Supplied material section start

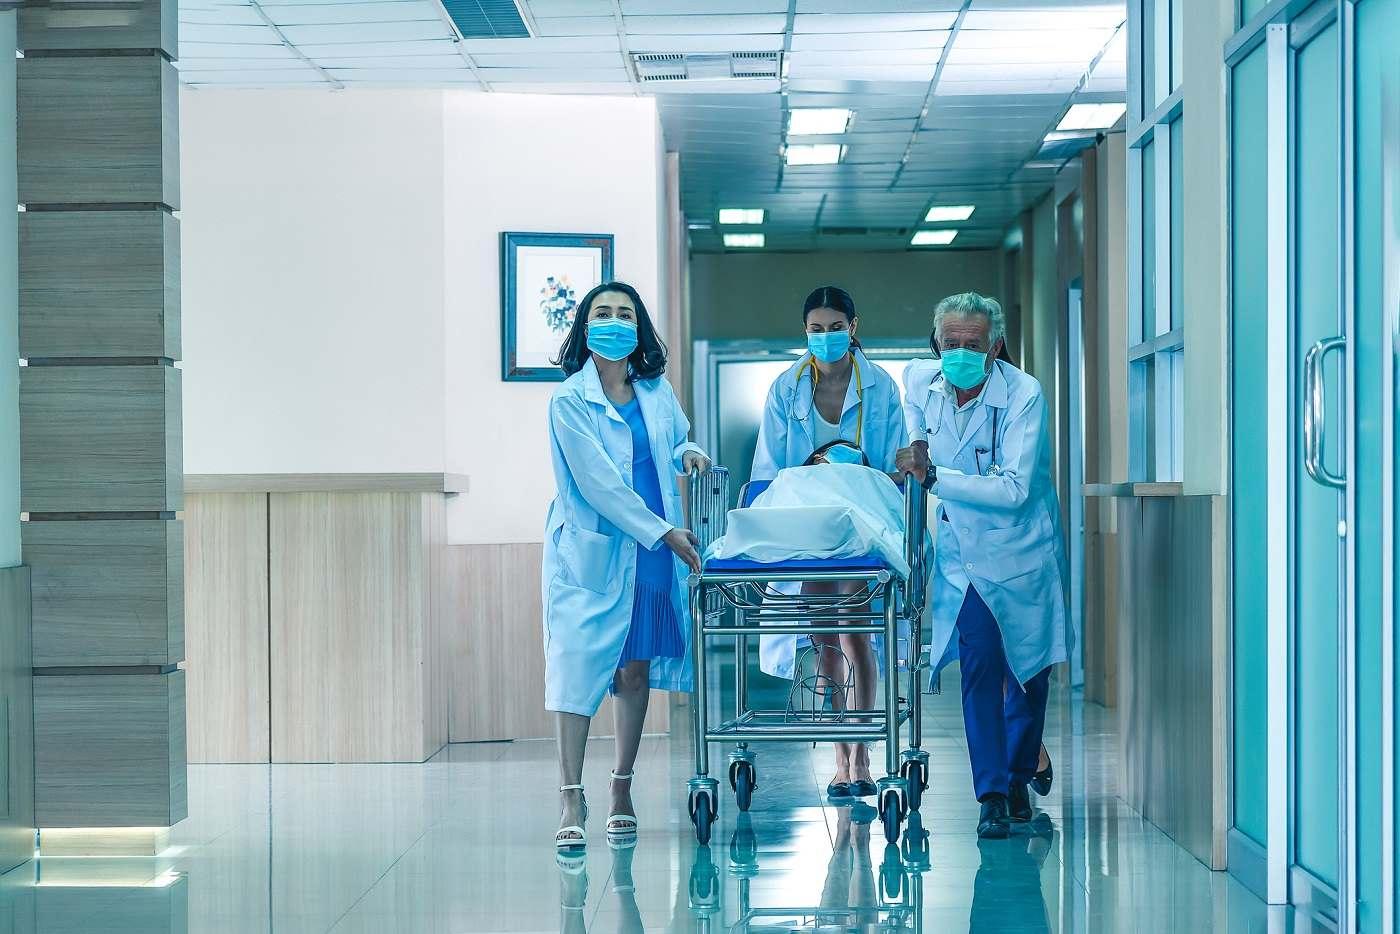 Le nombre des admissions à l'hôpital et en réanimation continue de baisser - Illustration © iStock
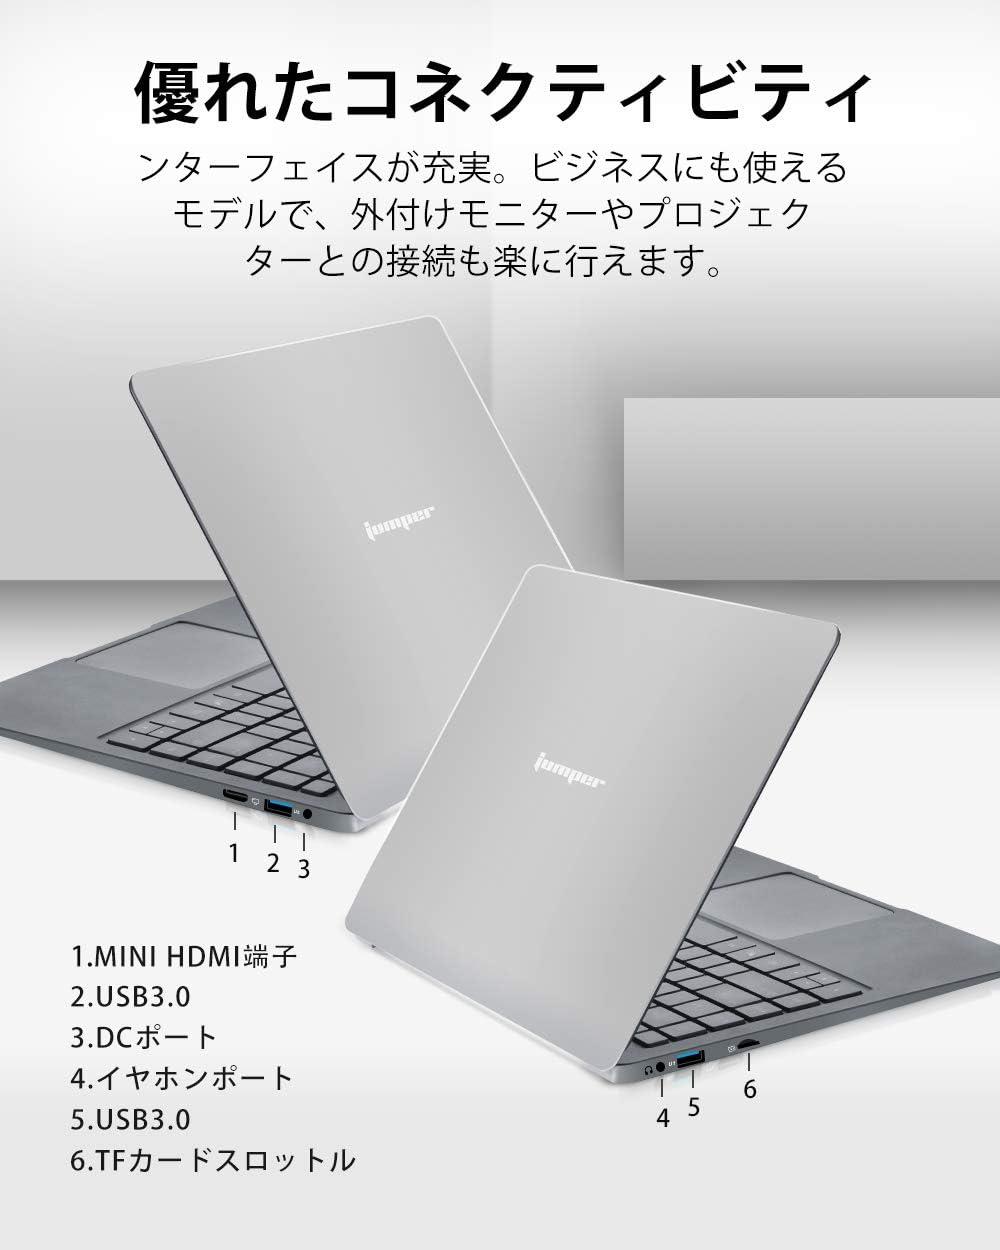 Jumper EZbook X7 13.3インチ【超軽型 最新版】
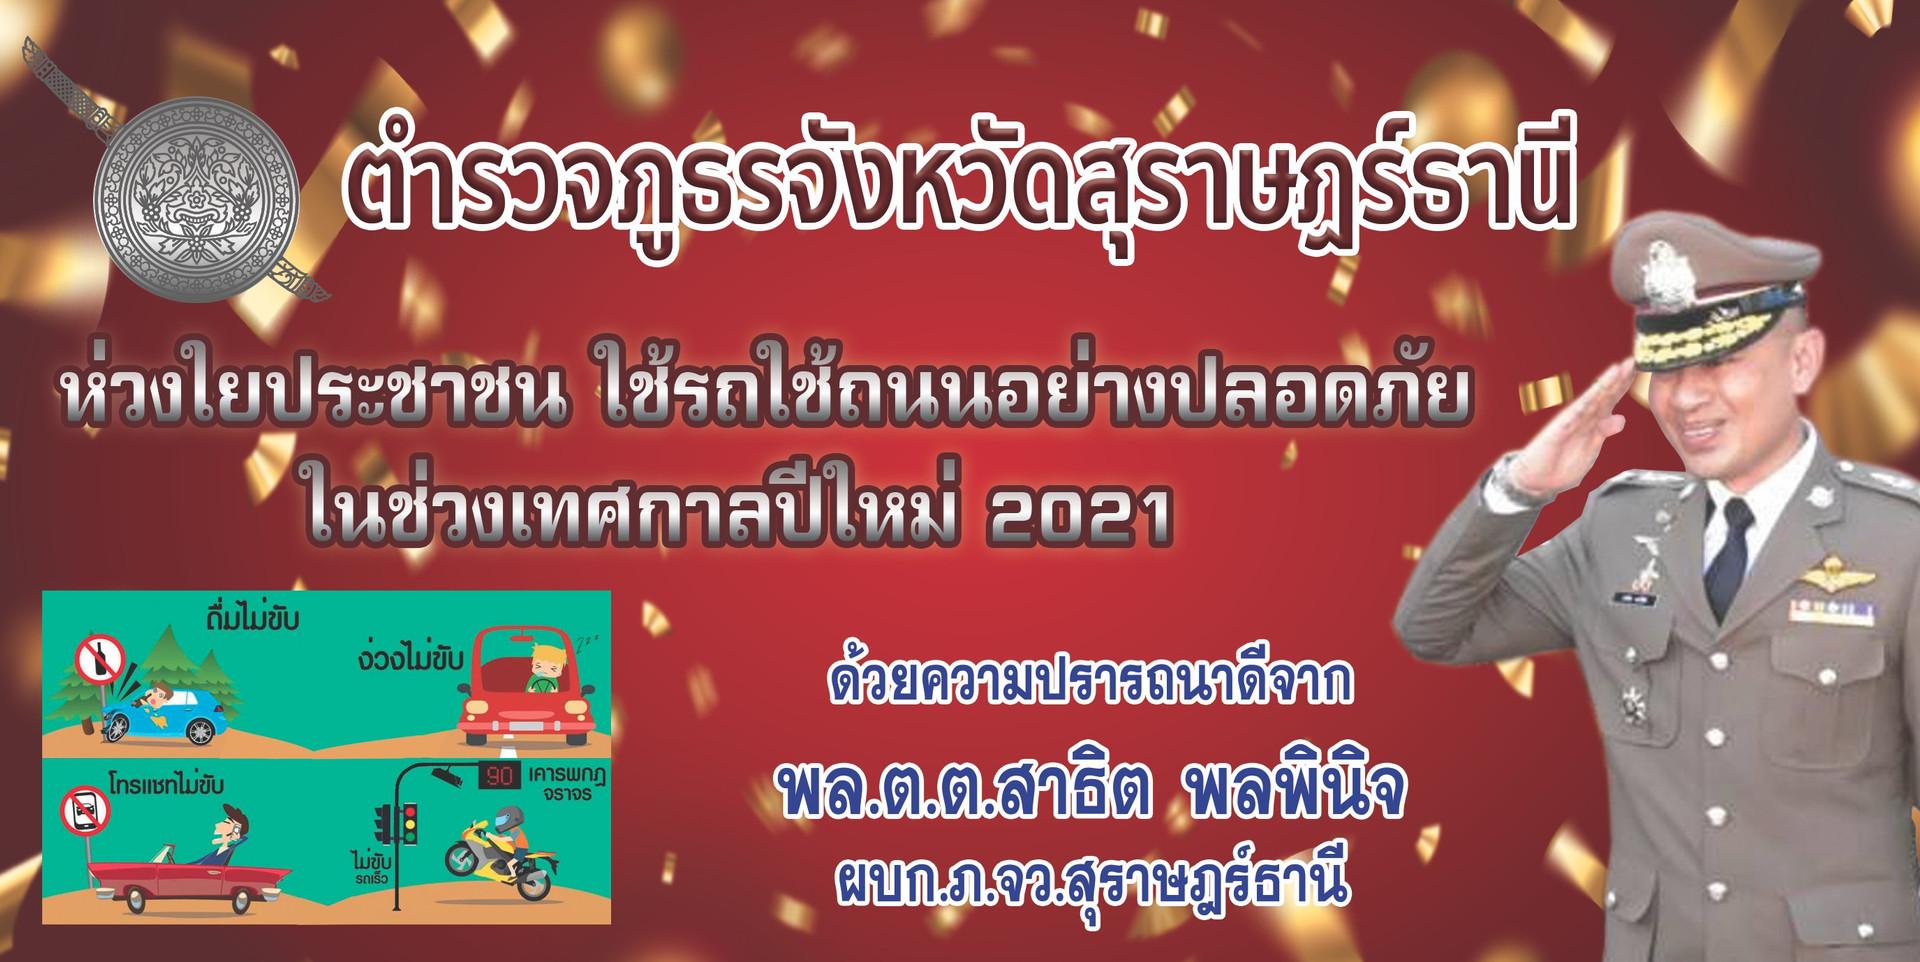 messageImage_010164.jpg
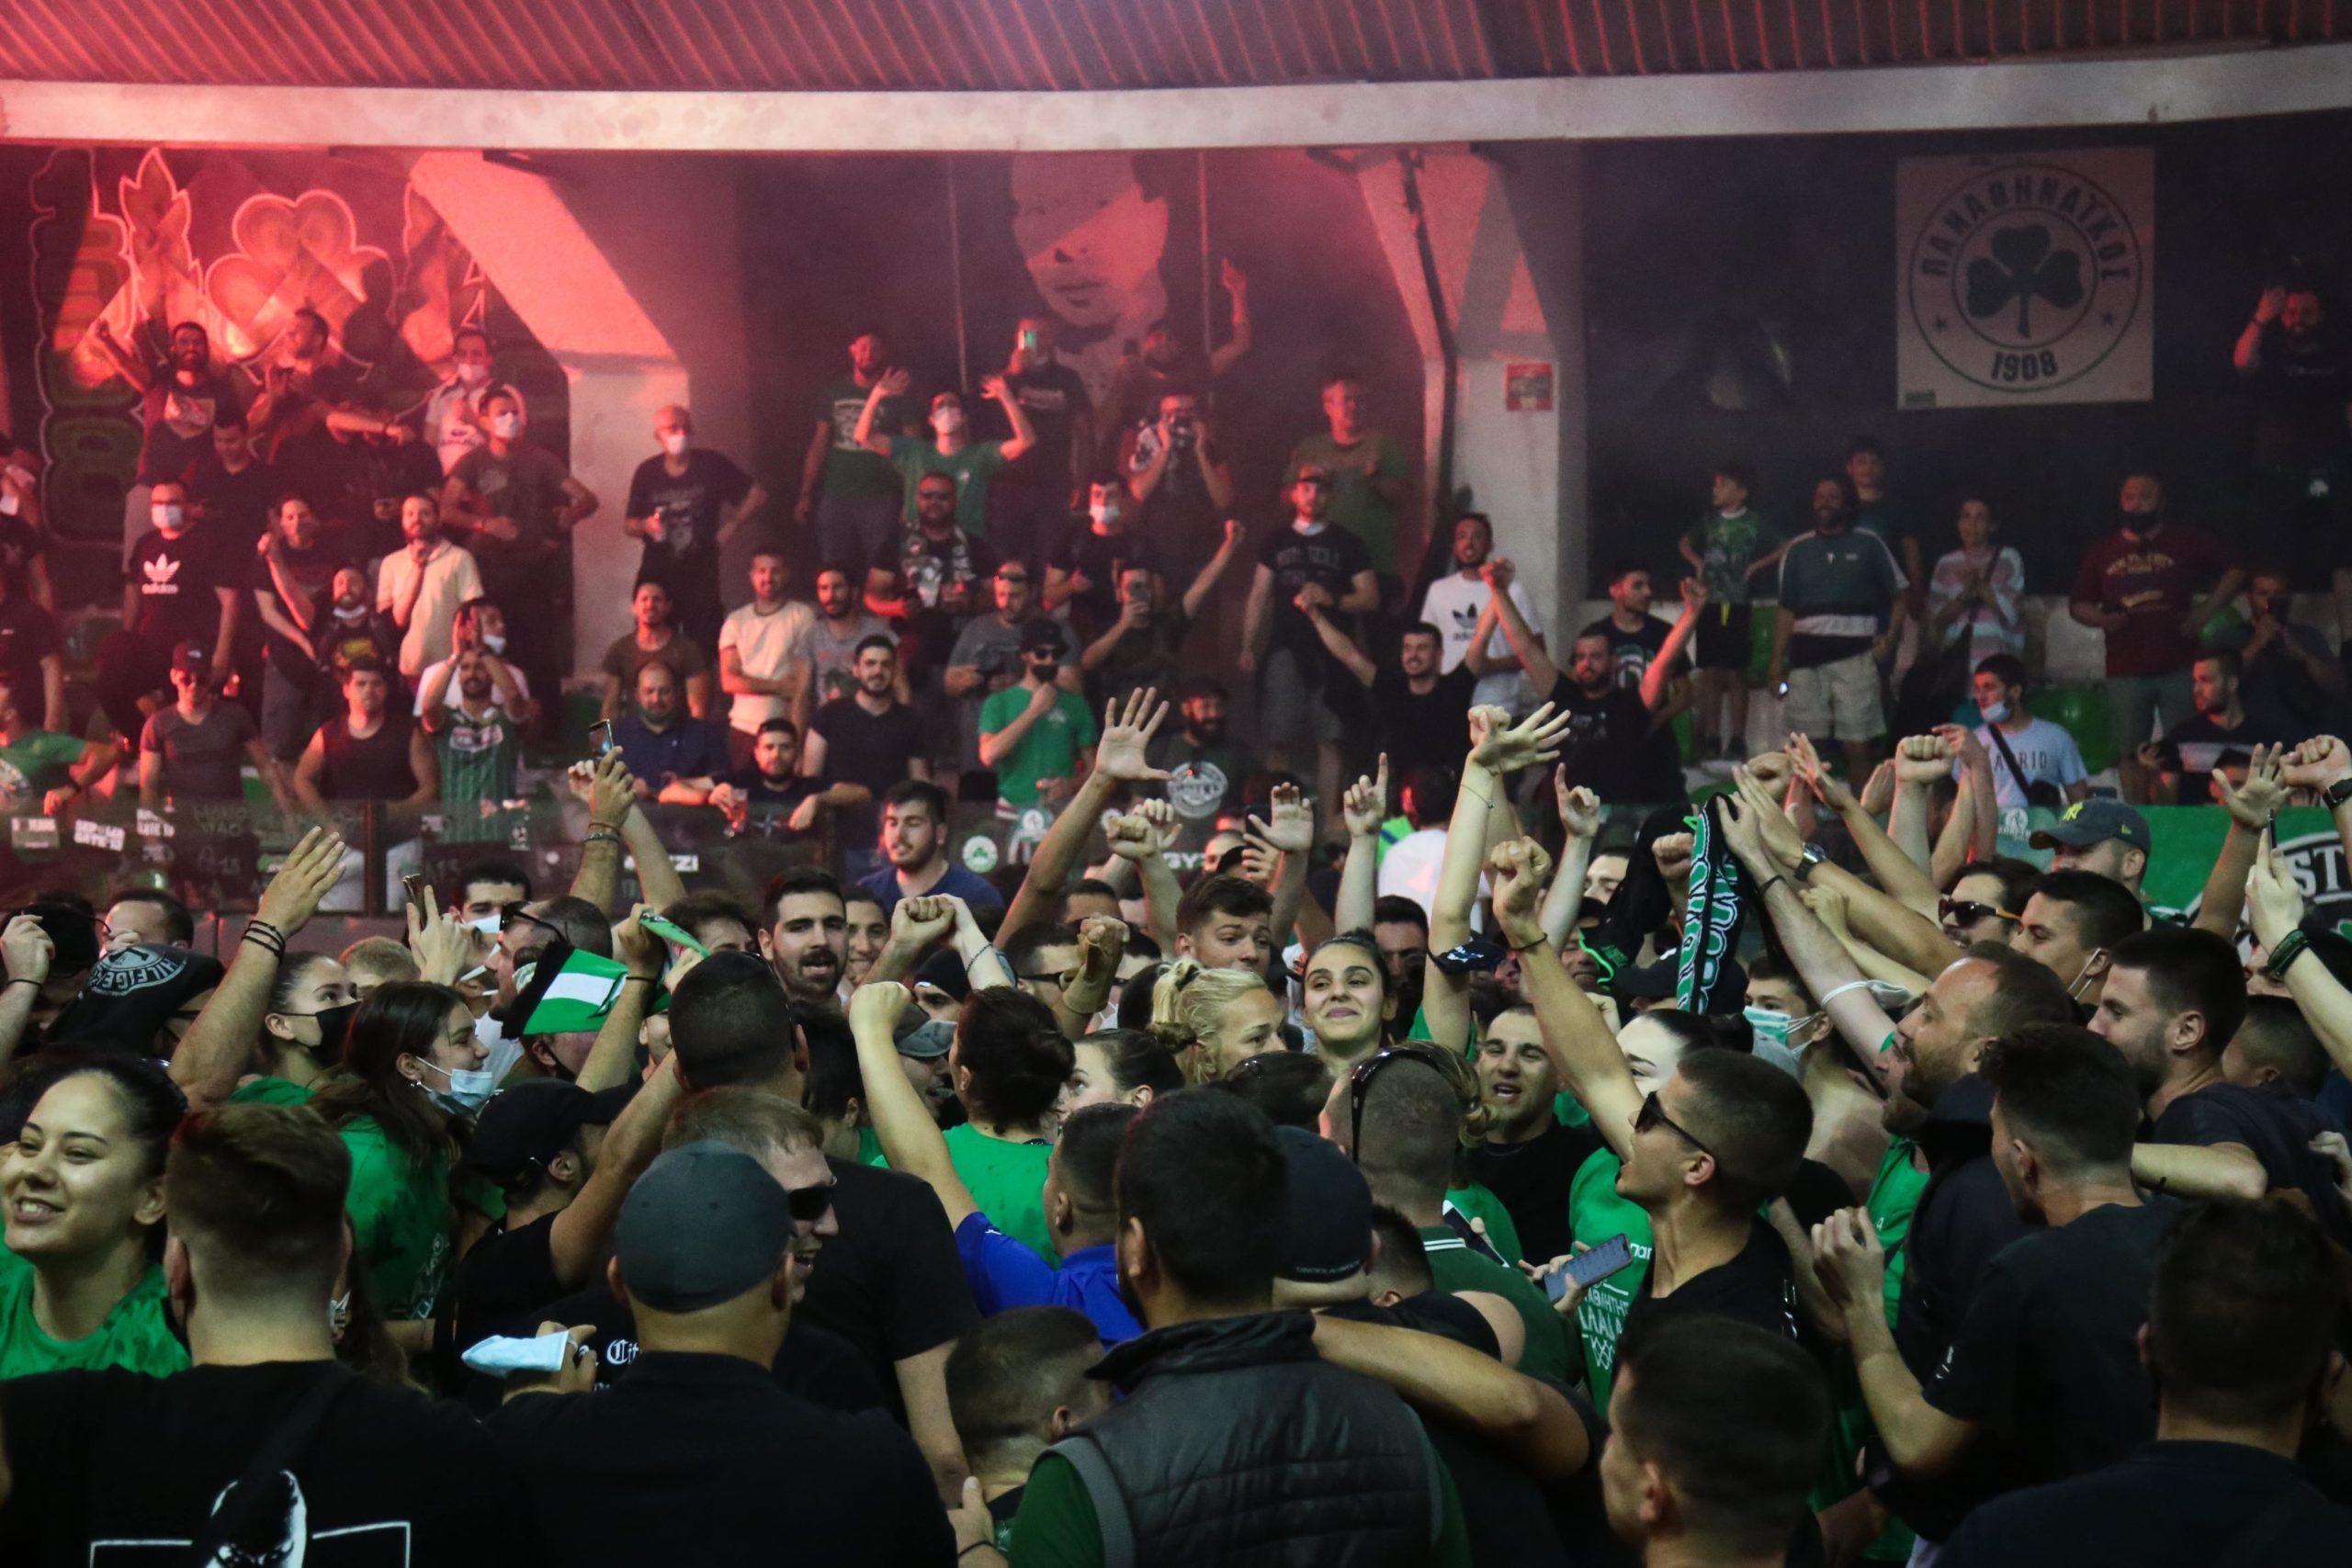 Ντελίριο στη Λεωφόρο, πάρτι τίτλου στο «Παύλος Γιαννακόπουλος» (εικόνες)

Supplied material section end

Task requirements: Please reproduce the material above word for word, without its images.

Result of the exercise:
 Le nombre des admissions à l'hôpital et en réanimation continue de baisser - Illustration © iStock
 Jumper EZbook X7 13.3インチ【超軽型 最新版】
 messageImage_010164.jpg
 Ντελίριο στη Λεωφόρο, πάρτι τίτλου στο «Παύλος Γιαννακόπουλος» (εικόνες)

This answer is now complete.